Cross compiling with Bazel

This time a short introduction to Bazel and how to cross-compile with this tool. I will explain how to build for host platform, as well as for multiple different targets.

You can get the partial repositories used in this exercise here.

Installing Bazelisk

I highly recommend using Bazelisk for managing your Bazel installation. TLDR:

$ wget https://github.com/bazelbuild/bazelisk/releases/download/v1.6.1/bazelisk-linux-amd64
$ sudo mv bazelisk-linux-amd64 /usr/local/bin/bazel
$ sudo chmod +x /usr/local/bin/bazel

Compiling "Hello World!"

Simplest possible structure for a C++ projects looks like this:

$ tree
.
├── BUILD
├── main.cpp
└── WORKSPACE

$ cat BUILD 
cc_binary(
    name = "hello",
    srcs = ["main.cpp"],
)

$ cat main.cpp 
#include <iostream>

int main() {
    std::cout << "Hello World!" << std::endl;
}

WORKSPACE file defines the root of the source tree. In our case it is empty, but usually it contains various definitions needed for your project to build.
In the BUILD file resides a definition of our single target called "hello", which will be constructed from main.cpp

Everything you need to know about Bazel's terminology is here.

We can now build:

$ bazel build //:hello
2020/09/02 17:21:34 Downloading https://releases.bazel.build/3.4.1/release/bazel-3.4.1-linux-x86_64...
Extracting Bazel installation...
Starting local Bazel server and connecting to it...
INFO: Analyzed target //:hello (14 packages loaded, 47 targets configured).
INFO: Found 1 target...
Target //:hello up-to-date:
  bazel-bin/hello
INFO: Elapsed time: 8.451s, Critical Path: 0.62s
INFO: 2 processes: 2 linux-sandbox.
INFO: Build completed successfully, 6 total actions

And run:

$ bazel run //:hello 
...
Hello World!

or directly:

$ ./bazel-bin/hello
Hello World!

Downloading dependencies

In order to setup our cross compilation environment we need to download our toolchains. Doing this manually is tedious, fortunately Bazel already includes the necessary facilities for that.

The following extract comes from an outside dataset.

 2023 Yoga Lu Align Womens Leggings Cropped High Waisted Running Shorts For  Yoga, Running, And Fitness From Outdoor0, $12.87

For our needs we need to download two files: the compiler and the sysroot.

$ tree
.
├── BUILD
├── main.cpp
├── third_party
│   ├── BUILD
│   ├── deps.bzl
│   └── toolchains
│       ├── aarch64-rpi3-linux-gnu-sysroot.BUILD
│       ├── aarch64-rpi3-linux-gnu.BUILD
│       ├── arm-cortex_a8-linux-gnueabihf-sysroot.BUILD
│       ├── arm-cortex_a8-linux-gnueabihf.BUILD
│       ├── BUILD
│       └── toolchains.bzl
└── WORKSPACE

All the *.BUILD" files contain the specification of how to use the content of the downloaded artifacts. The *.bzl files contain Starlark code that defines the logic of downloading files and exposing them as targets.

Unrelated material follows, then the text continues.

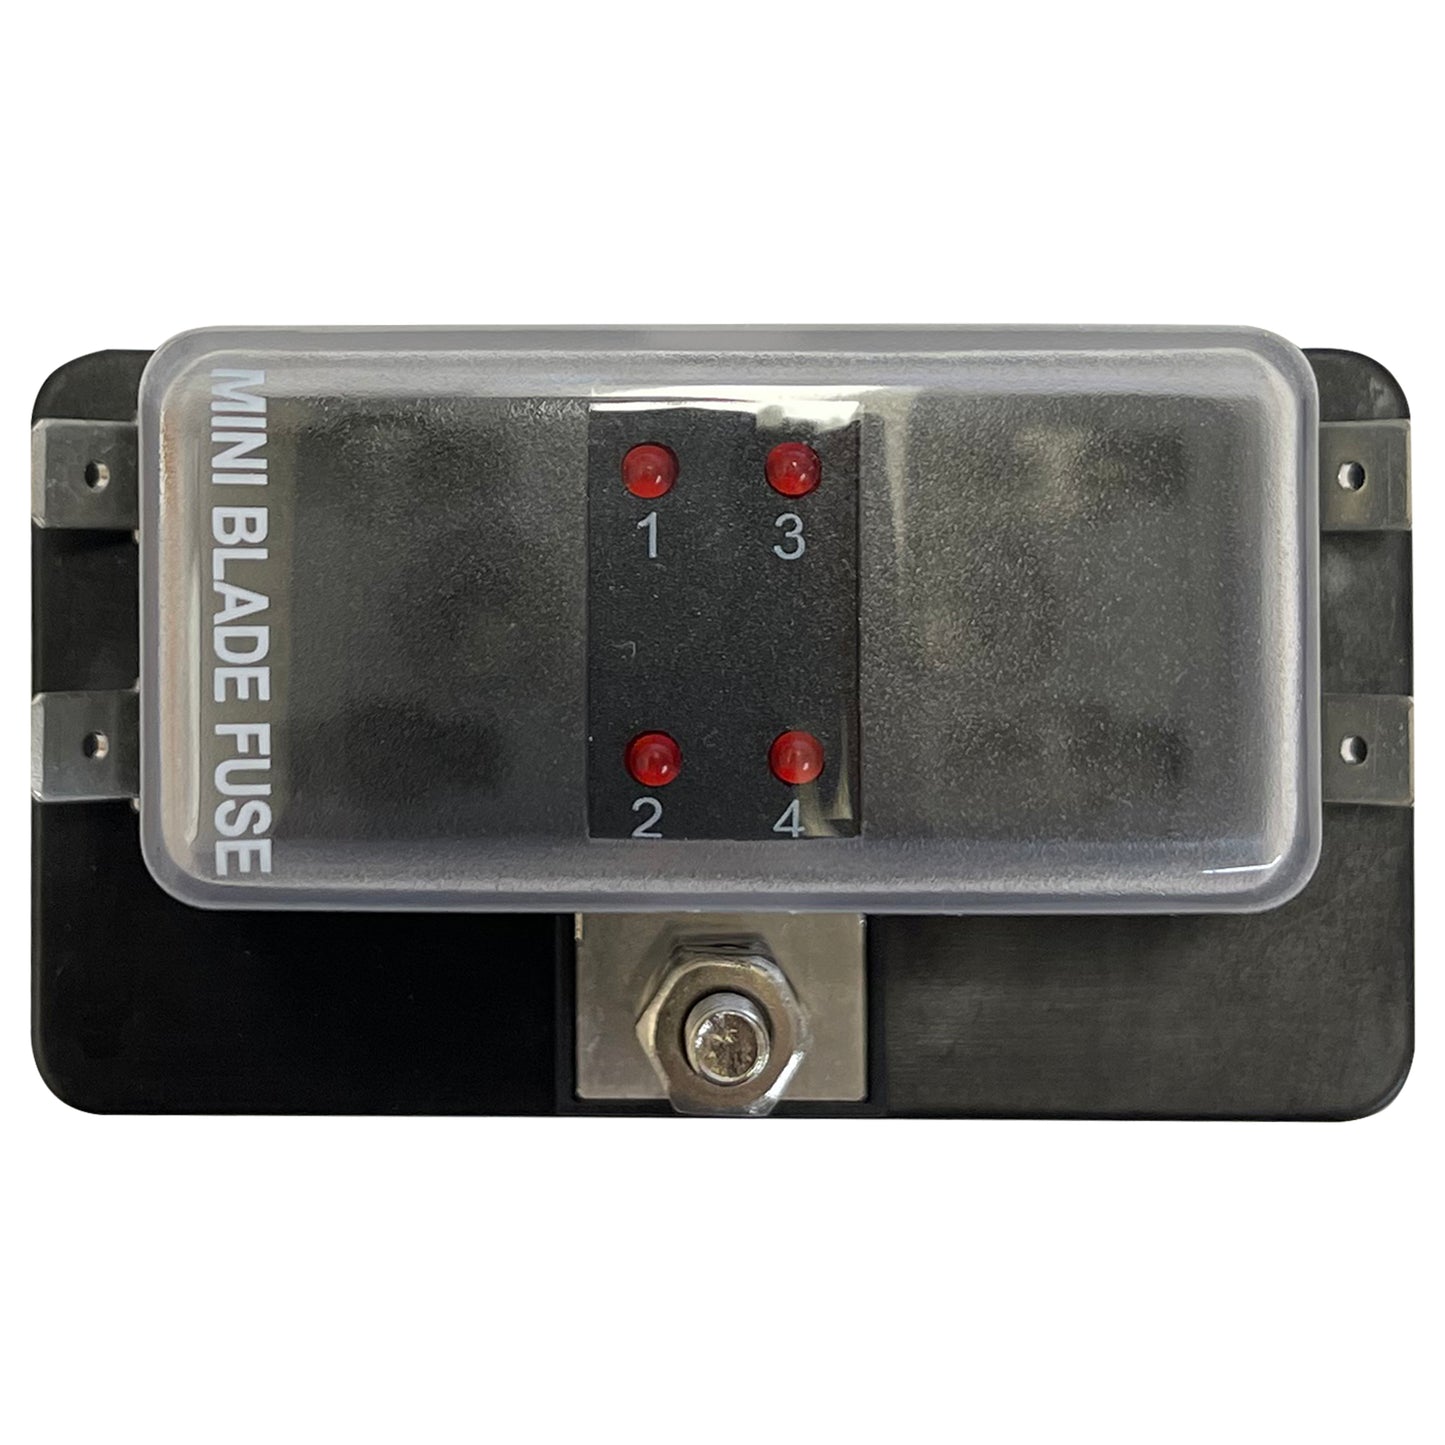 Fuse Block ATM With LED Indicators - 4 Position

The entry point for Bazel to know that it needs to download any external content is in the WORKSPACE file:

$ cat WORKSPACE 
load("//third_party:deps.bzl", "deps")
deps()

It says: load a function called deps from the file deps.bzl in third_party package and then call it.

Similar the deps.bzl:

$ cat third_party/deps.bzl 
load("//third_party/toolchains:toolchains.bzl", "toolchains")

def deps():
    toolchains()

It provides a level of indirection to hide the details of external packages from the WORKSPACE file.

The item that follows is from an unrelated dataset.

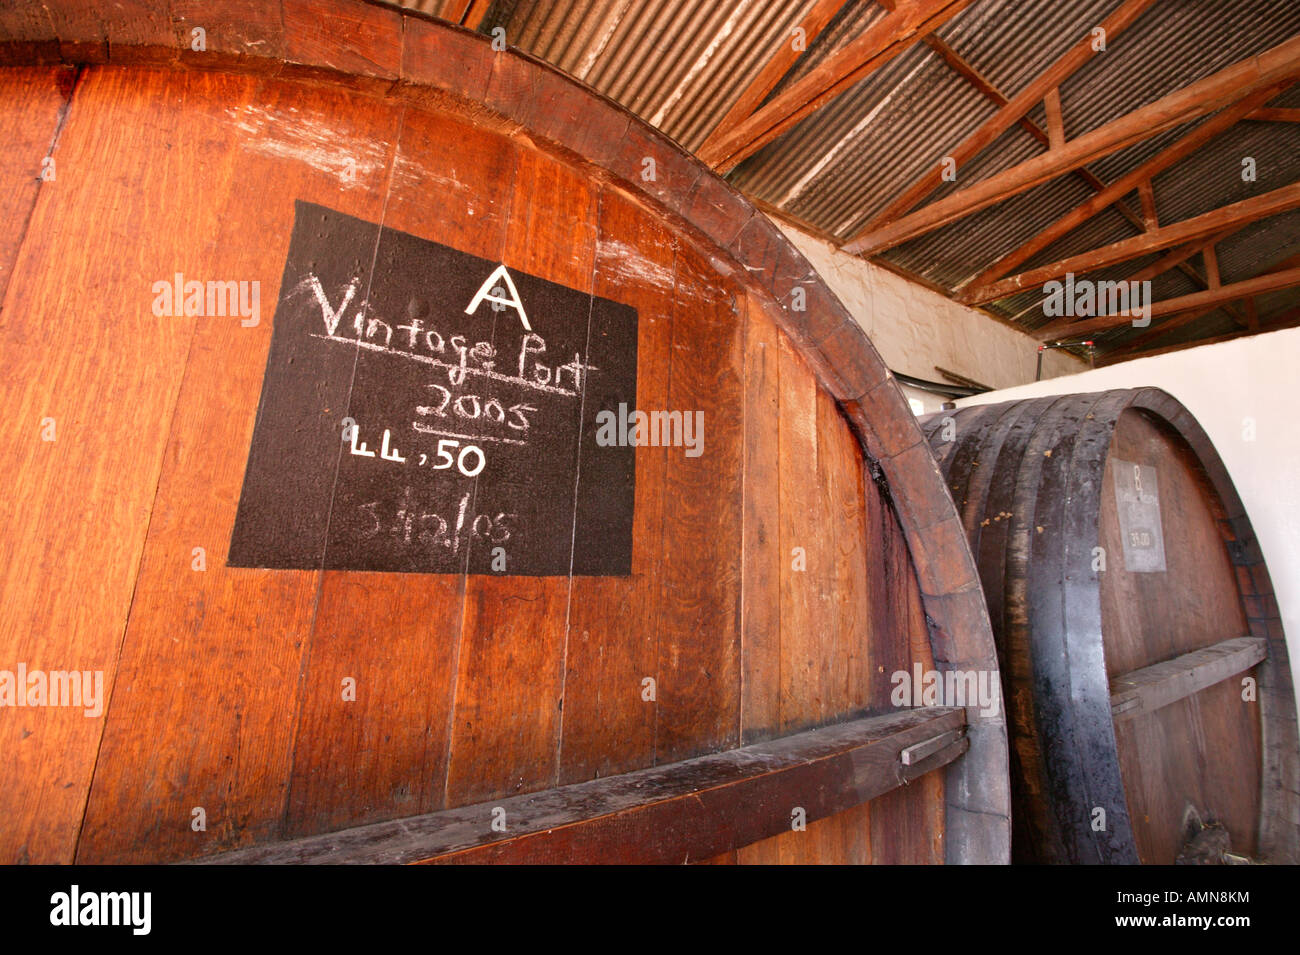 Large wooden vats in which vintage port is being matured Stock Photo

The toolchains.bzl on the other hand:

$ cat third_party/toolchains/toolchains.bzl 
load("@bazel_tools//tools/build_defs/repo:http.bzl", "http_archive")

URL_TOOLCHAIN = "https://github.com/ltekieli/devboards-toolchains/releases/download/v2020.09.01/"
URL_SYSROOT = "https://github.com/ltekieli/buildroot/releases/download/v2020.09.01/"

def toolchains():
    if "aarch64-rpi3-linux-gnu" not in native.existing_rules():
        http_archive(
            name = "aarch64-rpi3-linux-gnu",
            build_file = Label("//third_party/toolchains:aarch64-rpi3-linux-gnu.BUILD"),
            url = URL_TOOLCHAIN + "aarch64-rpi3-linux-gnu.tar.gz",
            sha256 = "35a093524e35061d0f10e302b99d164255dc285898d00a2b6ab14bfb64af3a45",
        )

    if "aarch64-rpi3-linux-gnu-sysroot" not in native.existing_rules():
        http_archive(
            name = "aarch64-rpi3-linux-gnu-sysroot",
            build_file = Label("//third_party/toolchains:aarch64-rpi3-linux-gnu-sysroot.BUILD"),
            url = URL_SYSROOT + "aarch64-rpi3-linux-gnu-sysroot.tar.gz",
            sha256 = "56f3d84c9adf192981a243f27e6970afe360a60b72083ae06a8aa5c0161077a5",
            strip_prefix = "sysroot",
        )

    if "arm-cortex_a8-linux-gnueabihf" not in native.existing_rules():
        http_archive(
            name = "arm-cortex_a8-linux-gnueabihf",
            build_file = Label("//third_party/toolchains:arm-cortex_a8-linux-gnueabihf.BUILD"),
            url = URL_TOOLCHAIN + "arm-cortex_a8-linux-gnueabihf.tar.gz",
            sha256 = "6176e47be8fde68744d94ee9276473648e2e3d98d22578803d833d189ee3a6f0",
        )

    if "arm-cortex_a8-linux-gnueabihf-sysroot" not in native.existing_rules():
        http_archive(
            name = "arm-cortex_a8-linux-gnueabihf-sysroot",
            build_file = Label("//third_party/toolchains:arm-cortex_a8-linux-gnueabihf-sysroot.BUILD"),
            url = URL_SYSROOT + "arm-cortex_a8-linux-gnueabihf-sysroot.tar.gz",
            sha256 = "89a72cc874420ad06394e2333dcbb17f088c2245587f1147ff9da124bb60328f",
            strip_prefix = "sysroot",
        )

First it loads the http_archive rule, then defines a function which has a repeating pattern inside:

if "NAME_OF_THE_EXTERNAL_RESOURCE" not in native.existing_rules():
    http_archive(
        name = "NAME_OF_THE_EXTERNAL_RESOURCE",
        build_file = Label("//path/to:buildfile.BUILD"),
        url = SOME_URL,
        sha256 = SOME_SHA256,
    )

Which reads: if there is no such rule defined yet, then define it using the http_archive with given name, build file, URL and checksum.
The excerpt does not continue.